▶ What to produce:
Whatever precedes the line containing "The Colorful Wonder" is not copied; that line and every line after it through the final one below are copied exactly, except pictures.

▶ Information shown:
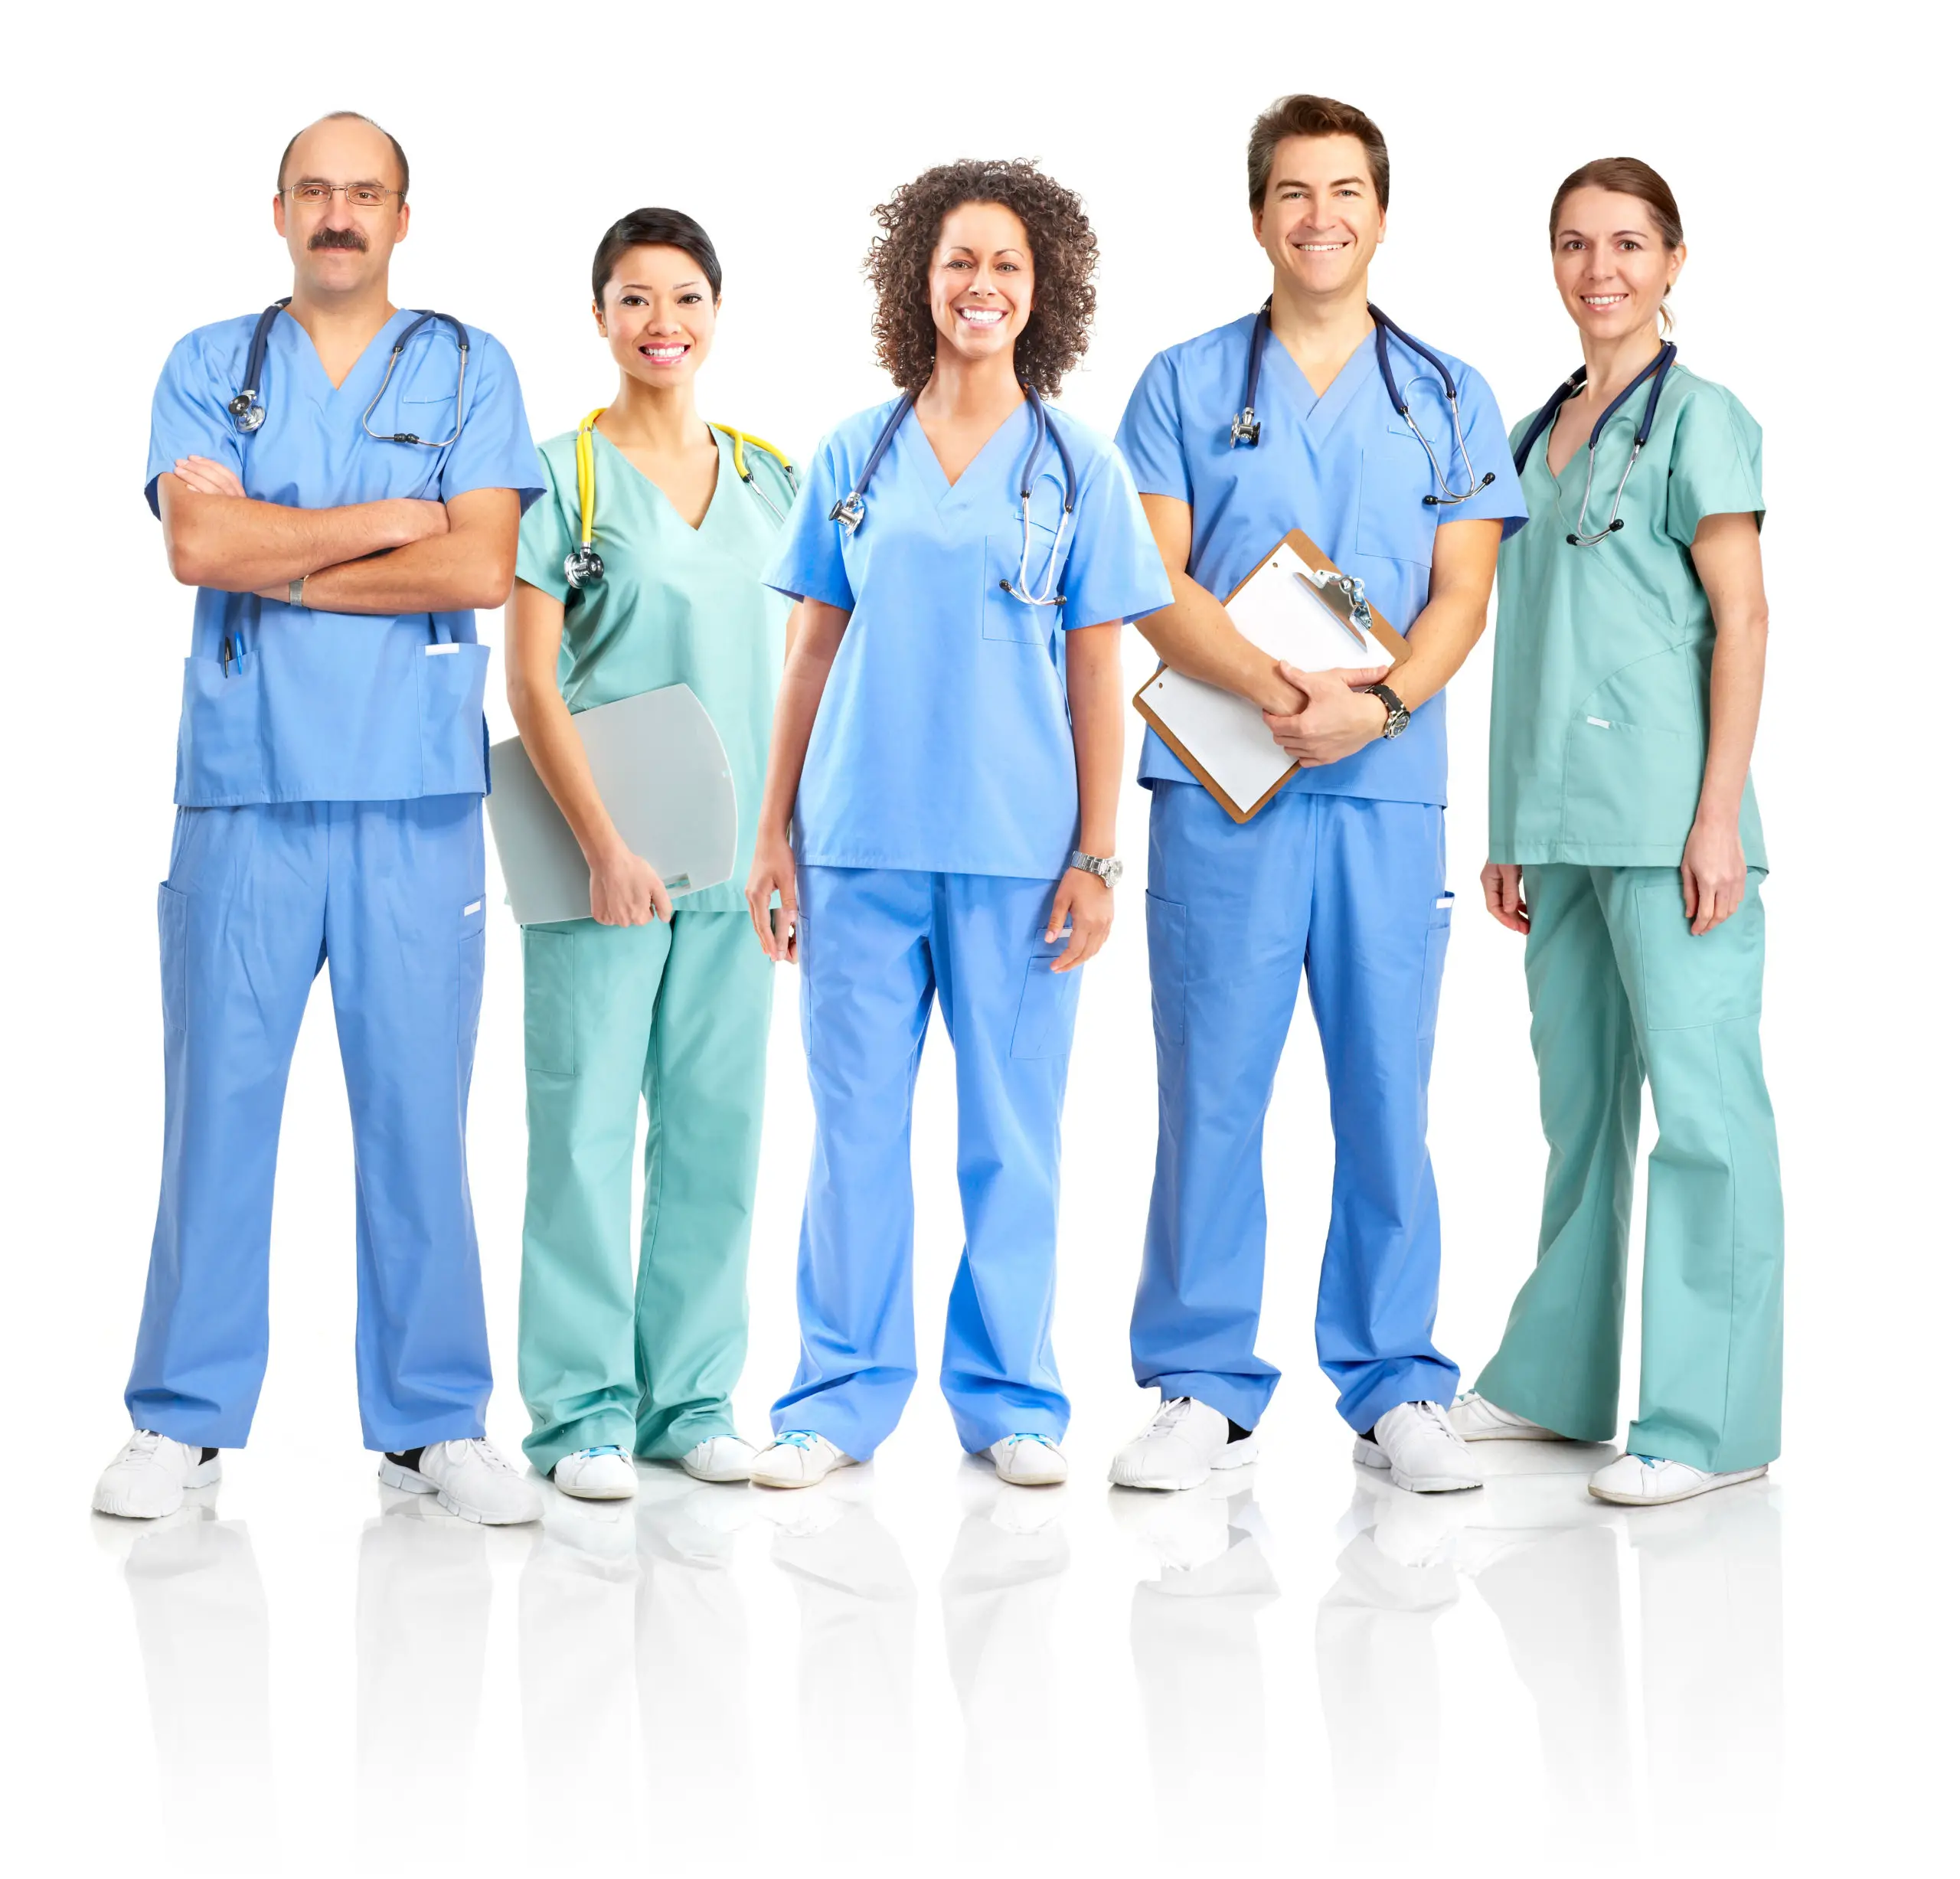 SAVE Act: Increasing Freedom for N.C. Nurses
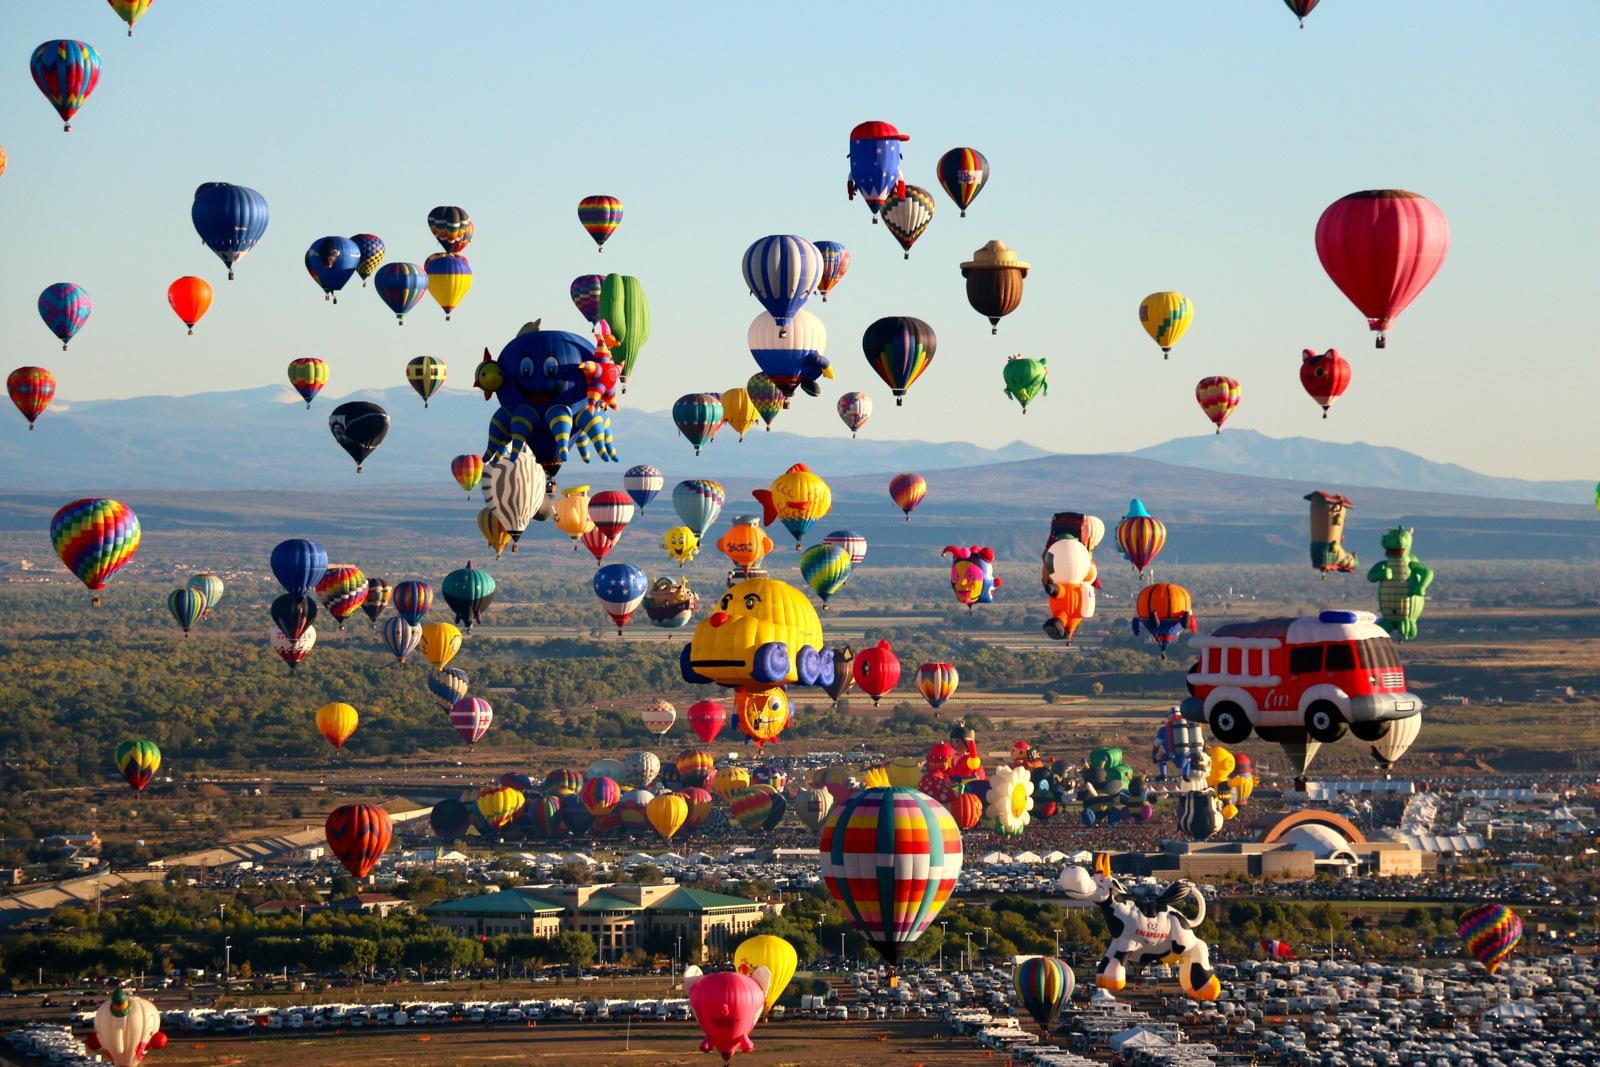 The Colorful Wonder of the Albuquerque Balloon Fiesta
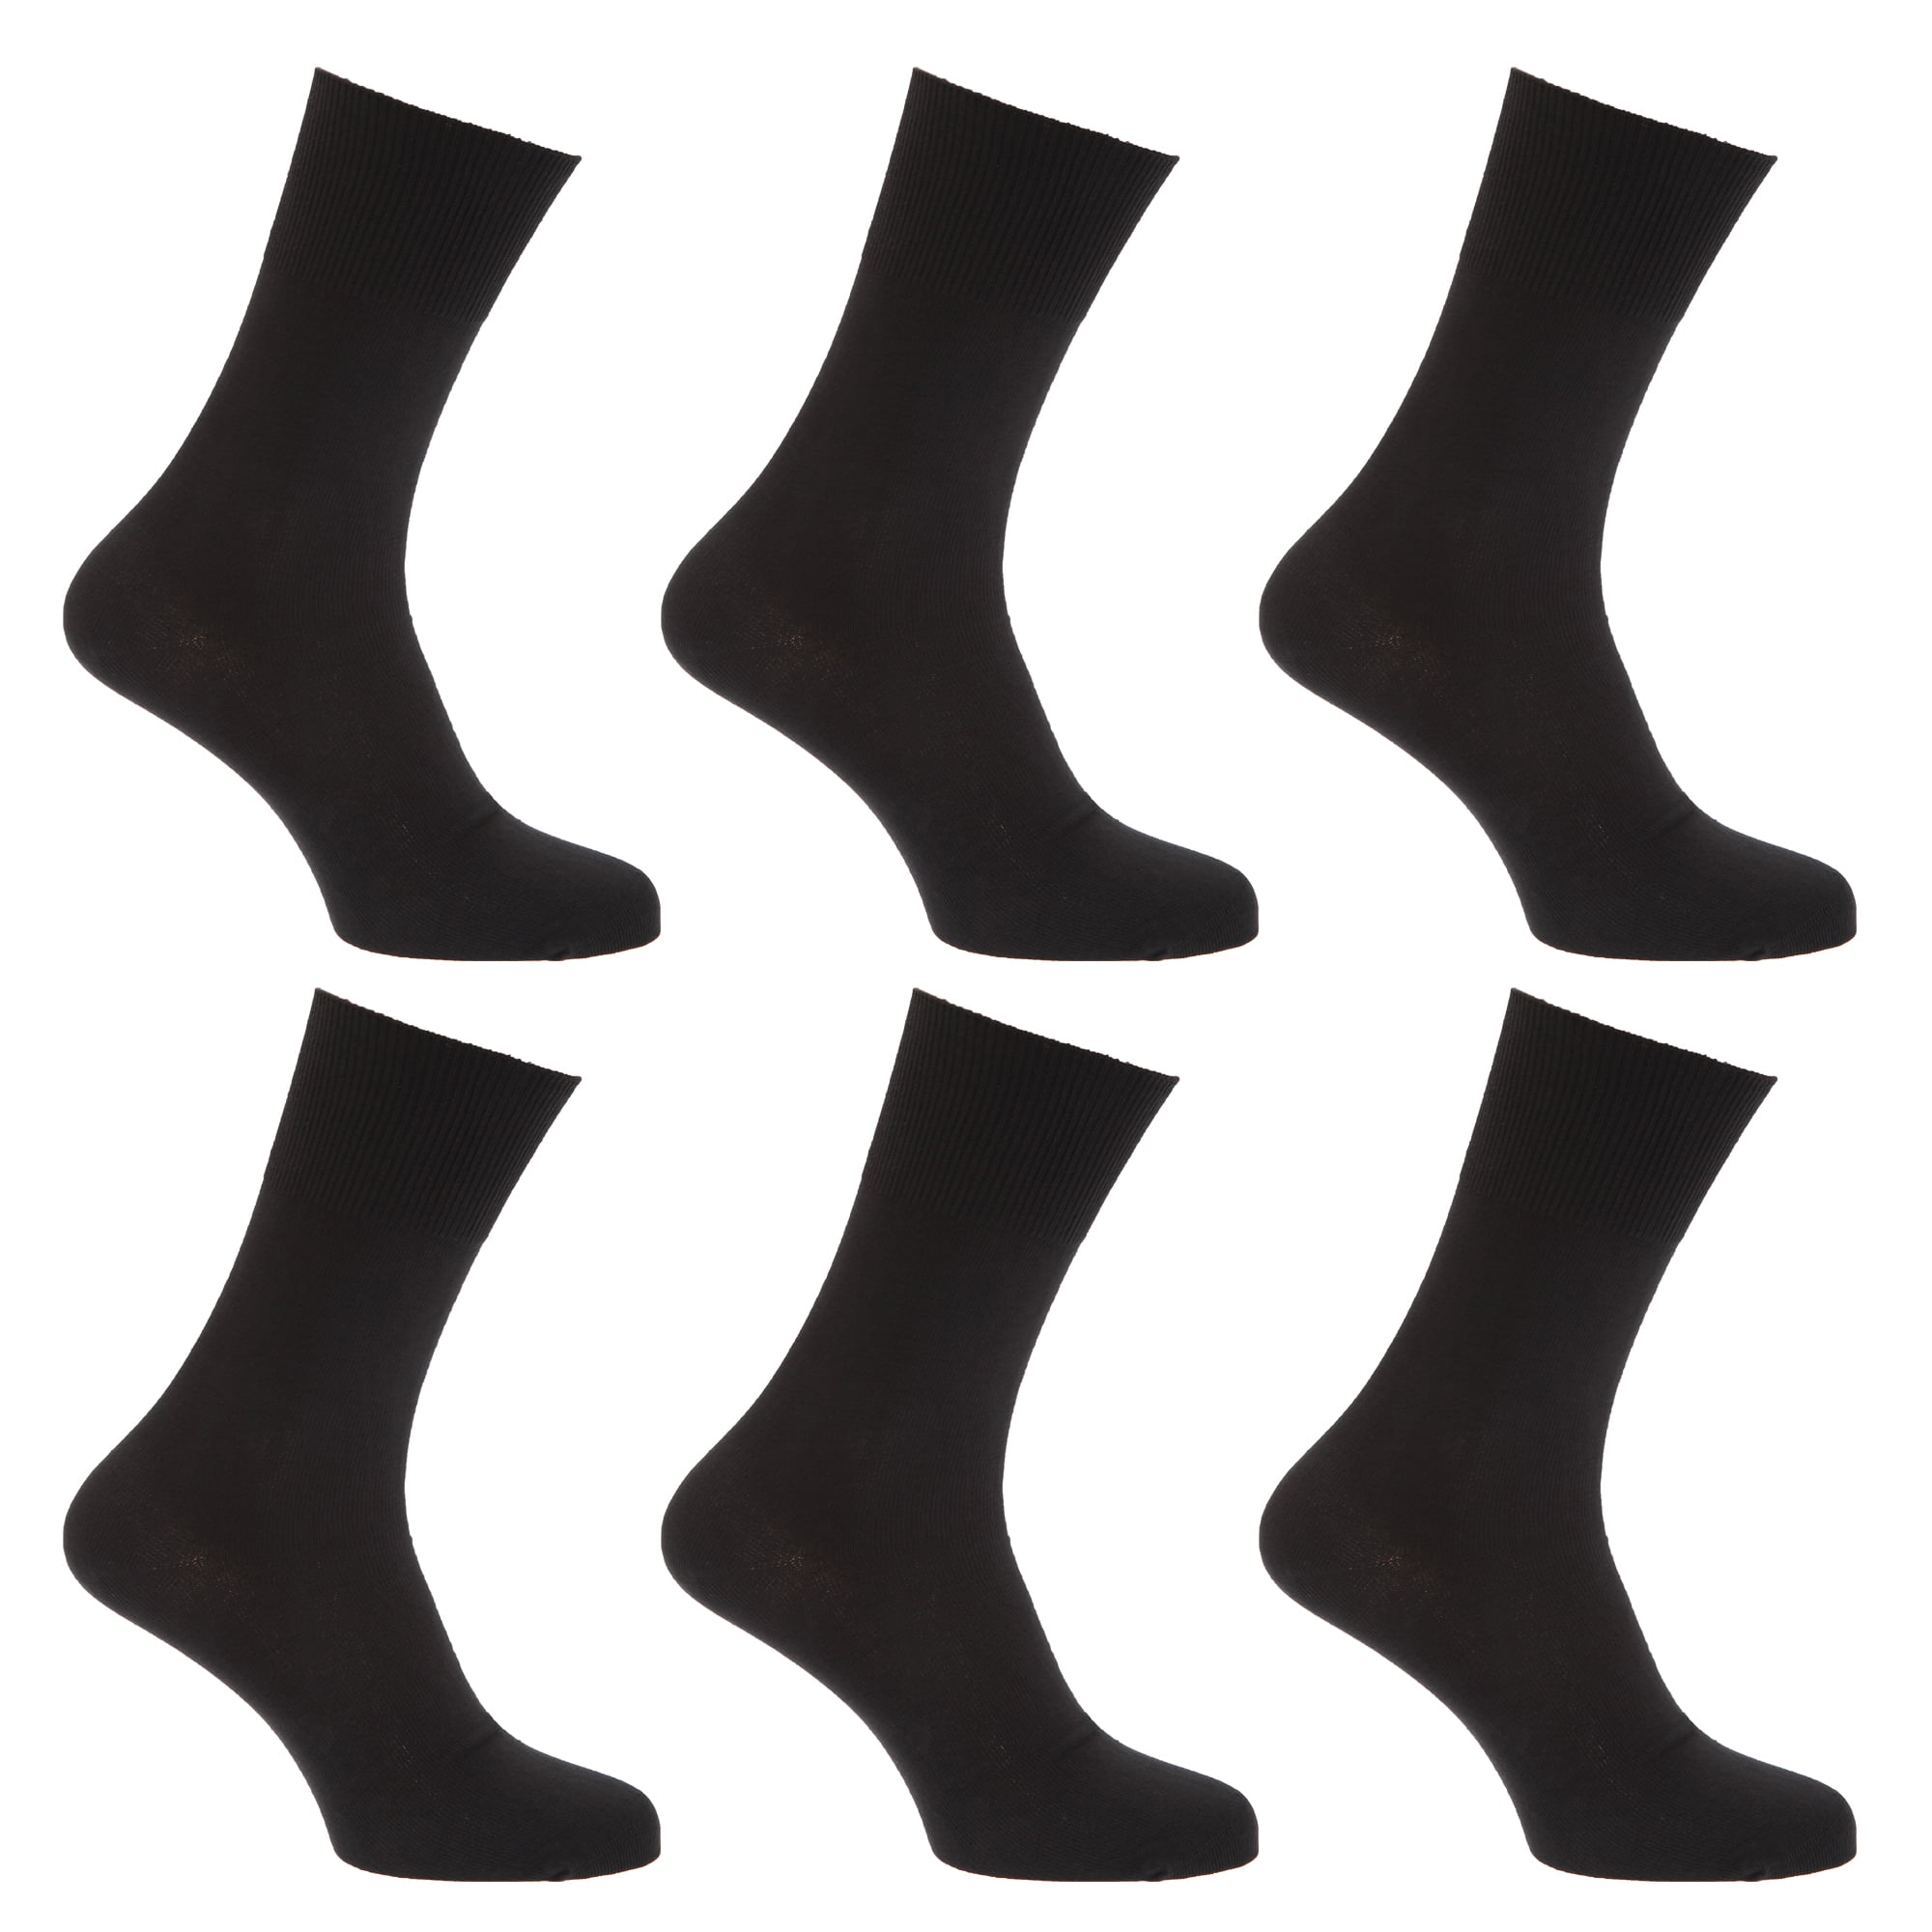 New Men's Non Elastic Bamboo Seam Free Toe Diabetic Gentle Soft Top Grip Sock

▶ Exercise answer:
 The Colorful Wonder of the Albuquerque Balloon Fiesta
 New Men's Non Elastic Bamboo Seam Free Toe Diabetic Gentle Soft Top Grip Sock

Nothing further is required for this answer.